I also see that, as expected, the agent is trying to stop the remaining container:

level=info time=2021-02-01T18:27:17Z msg="Task engine [arn:aws:ecs:us-west-2:758282334450:task/execDemo/c5162c766891463cb683a60bb6534a83]: error transitioning container [continuelogs (Runtime ID: c233aff801f49f710b1efc08a3d53356a83dacdbc0c5af7001445236e220f116)] to [STOPPED]: Could not transition to stopped; timed out after waiting 2m30s" module=docker_task_engine.go

And even when I try to stop that httpd container manually using both docker stop and docker kill I am unable to.

Also when I describe the task I see that it is STOPPED with the timeout error:

                    "image": "httpd",
                    "lastStatus": "STOPPED",
                    "exitCode": 255,
                    "reason": "DockerTimeoutError: Could not transition to stopped; timed out after waiting 2m30s",

Also note: when I stop the httpd container first with docker stop , there is no issue. The container exits and the fluent-bit container is also automatically stopped (because the httpd container is marked essential). This issue only occurs when the fluent-bit container is stopped before the httpd container.

fierlion · 2021-02-01T19:51:09Z

One more clue: I tested with polinux/httpd (Apache in a Docker with Supervisor - https://hub.docker.com/r/polinux/httpd) so I could get a shell inside the running container. This image doesn't show the same issue. I can stop the fluent-bit container and polinux/httpd exits as expected (after ~45 seconds).

I also tested the httpd image with the init process enabled, but still saw the image hang.

            "linuxParameters": {
                "initProcessEnabled": true
            },

shubham2892 · 2021-02-10T22:58:10Z

Looks like httpd docker container is hanging, I am not even able to do a docker inspect for that container after stopping the log-router container.
Also, can you check docker logs <container id of httpd container> , for me it was showing an error message in setting up the logs for the container. In addition, can you try polinux/httpd if that resolves the issue as recommended by @fierlion . Thanks.

kullu-ashish · 2021-02-11T04:57:32Z

Hi There,
I need to find the root cause for this issue. What do you recommend to do here -
Should I open an issue with Docker? Or Is it related to fluent-bit?

shubham2892 · 2021-02-11T20:12:59Z

I recommend opening an issue with Docker investigating why is Docker not able to stop the container on docker stop command. This does not look like a fluent-bit issue to me.

shubham2892 · 2021-02-16T17:59:10Z

@kullu-ashish Please feel free to reopen this issue if it needs more investigation from ECS side.

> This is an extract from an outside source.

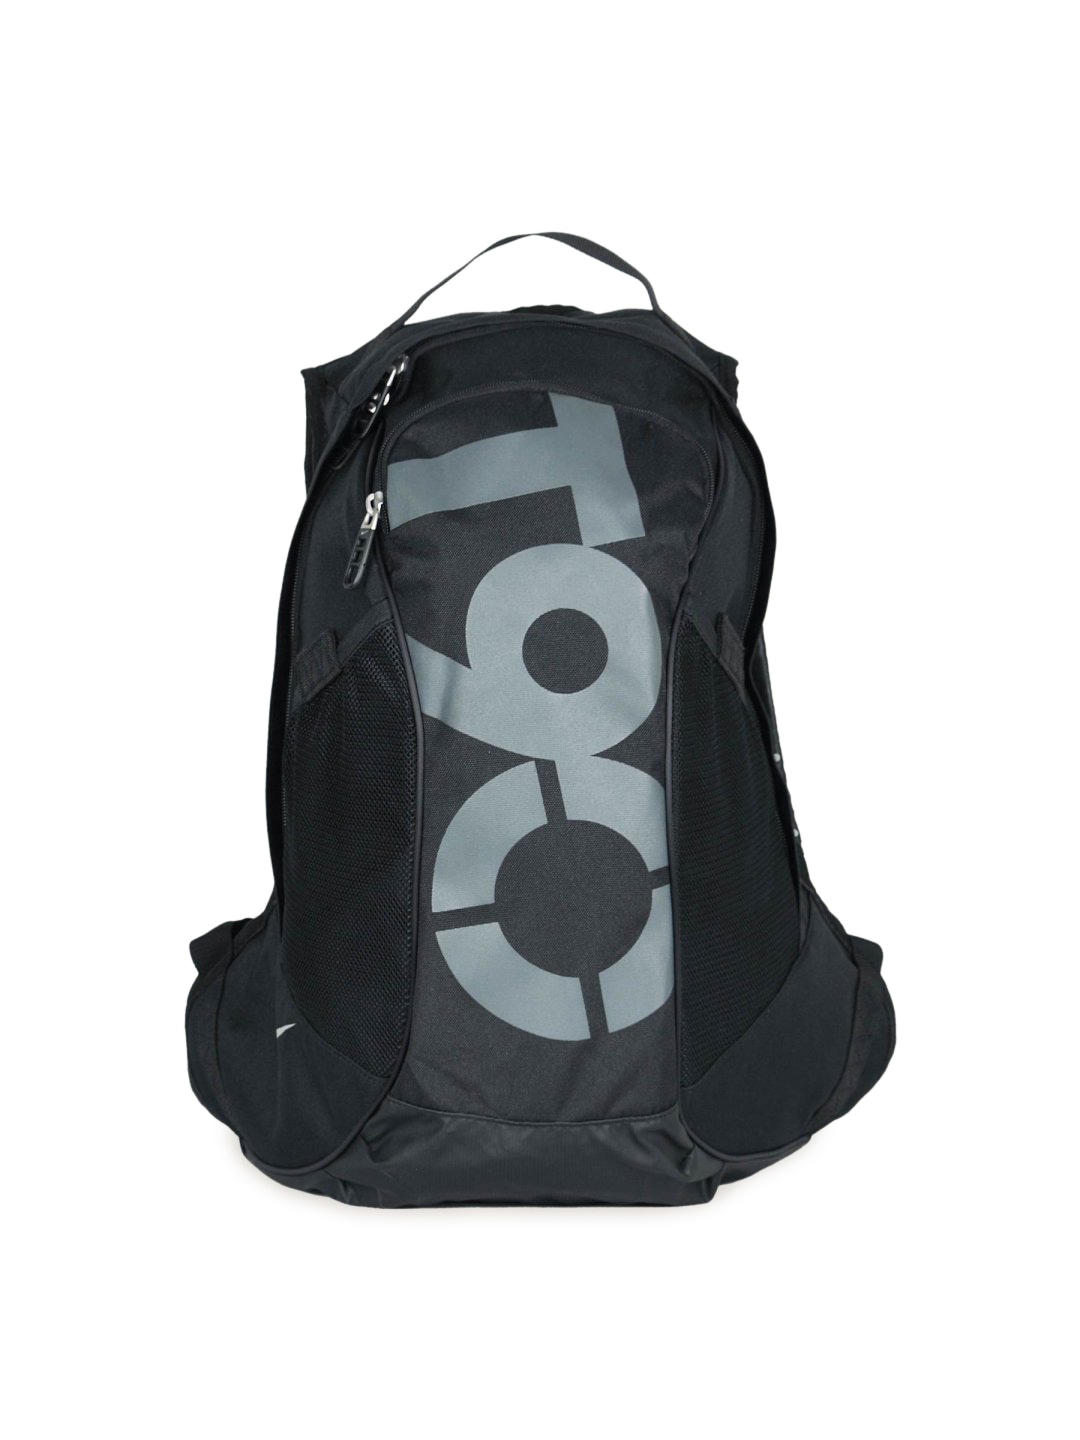 Nike Unisex Total 90 Stri Backpack

angeldam · 2021-07-15T01:28:05Z

@kullu-ashish how did you work around this issue at the end? thanks!

fenxiong · 2021-09-15T20:20:04Z

more customer is seeing this, reopening for further investigation

fenxiong · 2021-09-17T22:34:52Z

repro'd the issue following description. in fact this is reproducible even without constantly generating logs.

after some investigation, it appears this issue is highly related to moby/moby#40063. A container using awsfirelens logging driver internally uses docker's fluentd logging driver to forward logs to the firelens sidecar container (which runs a fluentd server) [1], and when the firelens container is stopped, the situation is equivalent to the one mentioned in the docker issue: "Docker container hangs when using fluentd logger with fluentd-async-connect=true and unreachable (turned off) fluentd server." in fact, i was able to find exact same stuck goroutine as the one posted in moby/moby#40063 (comment), at the time when the container got stuck.

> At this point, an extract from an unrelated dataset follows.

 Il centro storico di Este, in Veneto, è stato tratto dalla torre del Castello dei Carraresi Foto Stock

unfortunately, docker has not fixed this issue and doesn't seem to have a plan to rollout a fix. so a path forward to this is TBD.

[1] https://aws.amazon.com/blogs/containers/under-the-hood-firelens-for-amazon-ecs-tasks/

fschollmeyer · 2021-09-21T06:57:22Z

My company is currently evaluating using Firelens with ECS. If fluentbit fails to start for some reason (e.g. misconfiguration), the EC2 instances starts the main container again and again and fills up with stuck containers.

This could be a showstopper for us. Is there any fix in sight?

PettitWesley · 2021-09-21T21:43:08Z

@fschollmeyer Fluent bit failing to start sounds like a separate issue?

My understanding of this issue is that its only triggered once the app container and firelens/fluent bit container are connected via the fluentd docker log driver and logs start to flow, and then the fluent bit container is stopped. @fenxiong /anyone- is my understanding correct here?

If you're having trouble with Fluent Bit, and you use the AWS Distro, please open an issue here and we will help you: https://github.com/aws/aws-for-fluent-bit

EC2 instances starts the main container again and again and fills up with stuck containers.

This confuses me a bit- can you elaborate? If you are running in ECS, the EC2 instance itself is not what triggers container restarts. The ECS service can re-schedule tasks if they fail to start. Sounds like that's what's happening in your case? Or are you seeing that the task is restarted but the main container from each task never stops and thus you get more and more instances of the app container?

fenxiong · 2021-09-21T21:56:14Z

My understanding of this issue is that its only triggered once the app container and firelens/fluent bit container are connected via the fluentd docker log driver and logs start to flow, and then the fluent bit container is stopped. @fenxiong /anyone- is my understanding correct here?

yes that's my understanding. if firelens container has never started (e.g. due to misconfiguration), the task will just fail and the other container won't start at all (so they won't stuck either). if that's not the case then that's a separate issue.

fschollmeyer · 2021-09-24T07:40:53Z

@PettitWesley @fenxiong
Sorry for confusing you guys. Let me explain the issue in detail.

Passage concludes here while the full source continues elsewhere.